Prophet Muhammad used his remarkable understanding of international affairs to negotiate treaties and resolutions that were beneficial to the Muslim nation, even relinquishing small military considerations to strengthen long term political positions. The ‘shy shepherd boy’ had grown into one of history’s most effective generals. He excelled at military leadership. In the short space of just ten years Prophet Muhammad had fought eight major battles.
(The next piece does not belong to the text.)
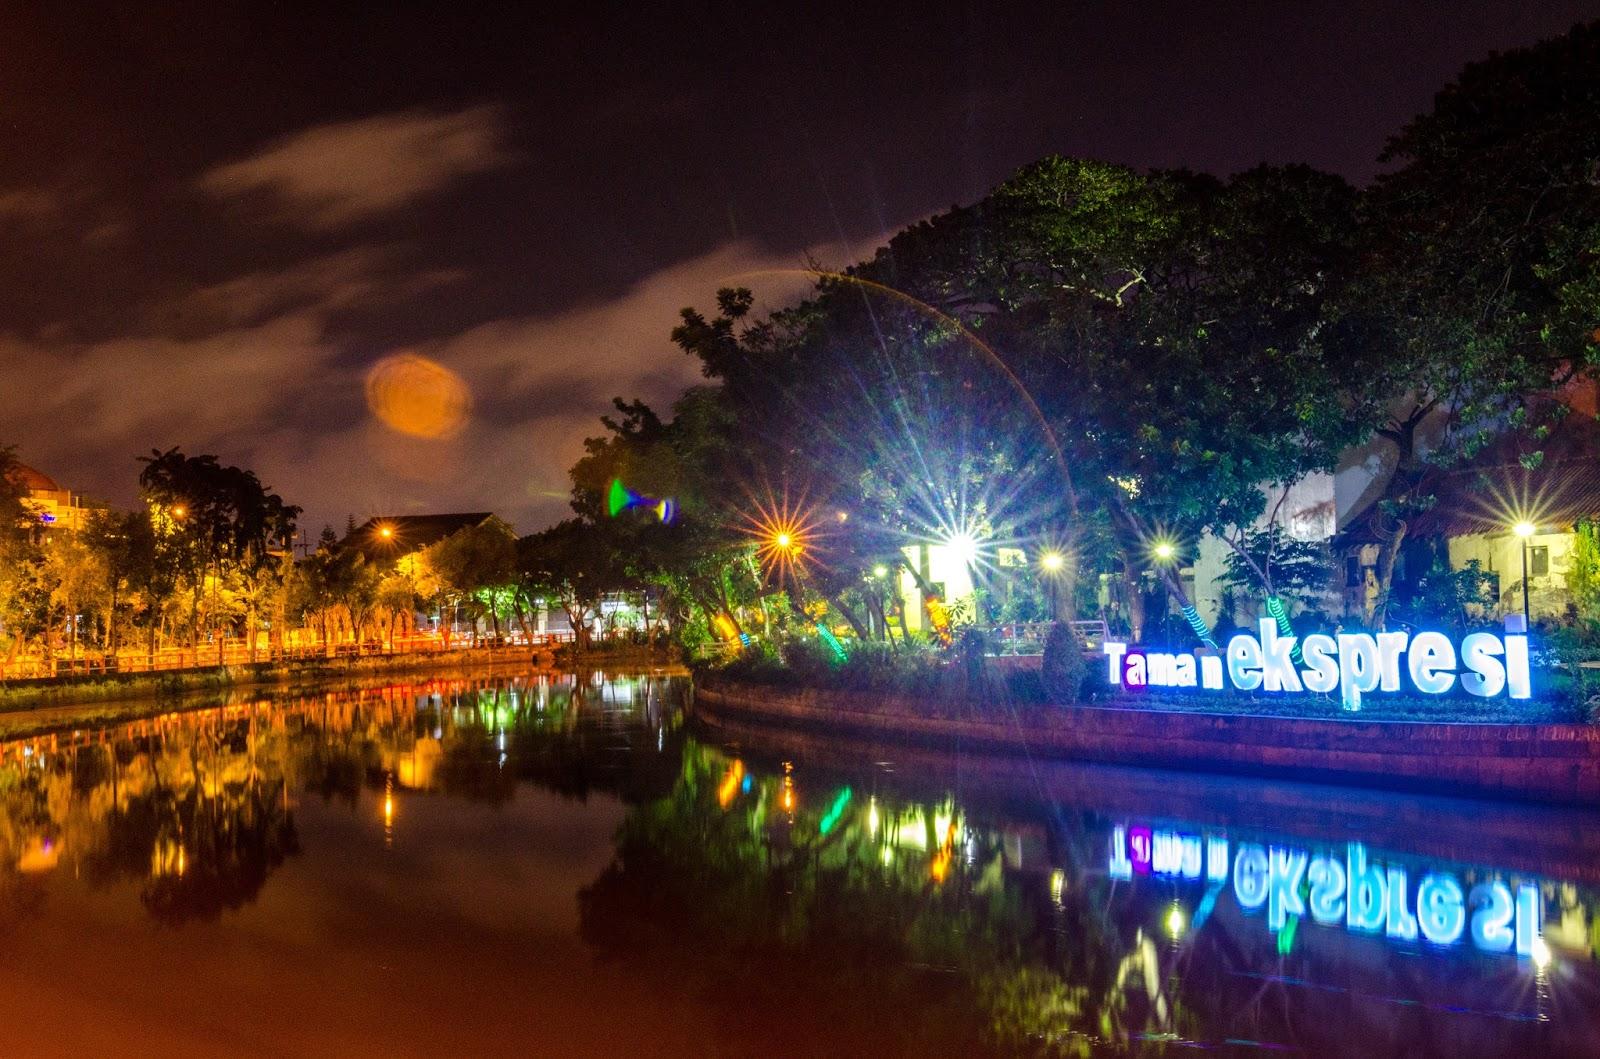 Taman Surabaya Buka Pagi Hari Tutup Malam Justru Ketika Inilah

He so transformed his armies and the military warfare of Arabia that his successors were able to defeat the armies of Persia and Byzantium to establish the Caliphate of Islam.
Prophet Muhammad’s most important role was to convey the message of Islam, that God is one, without partners, sons or daughters, and He alone deserves worship. He excelled at this role and many others even though he was completely human with normal human limitations. He was a statesman, administrator, diplomat, teacher, military leader and reformer. Prophet Muhammad was a man who excelled in many roles.
 W. Montgomery Watt. Muhammad: Prophet and Statesman. Oxford University Press, 1961.
 Shirazi, Imam Muhammad. The Prophet Muhammad - A Mercy to the World. Createspace Independent Pub, 2013, p. 74.
 Saheeh Muslim
 W. Montgomery Watt. Muhammad: Prophet and Statesman. Oxford University Press, 1961 from pg. 229.
 R A Gabriel, 2007, Muhammad: The Warrior Prophet in, MHQ: The Quarterly Journal of Military History.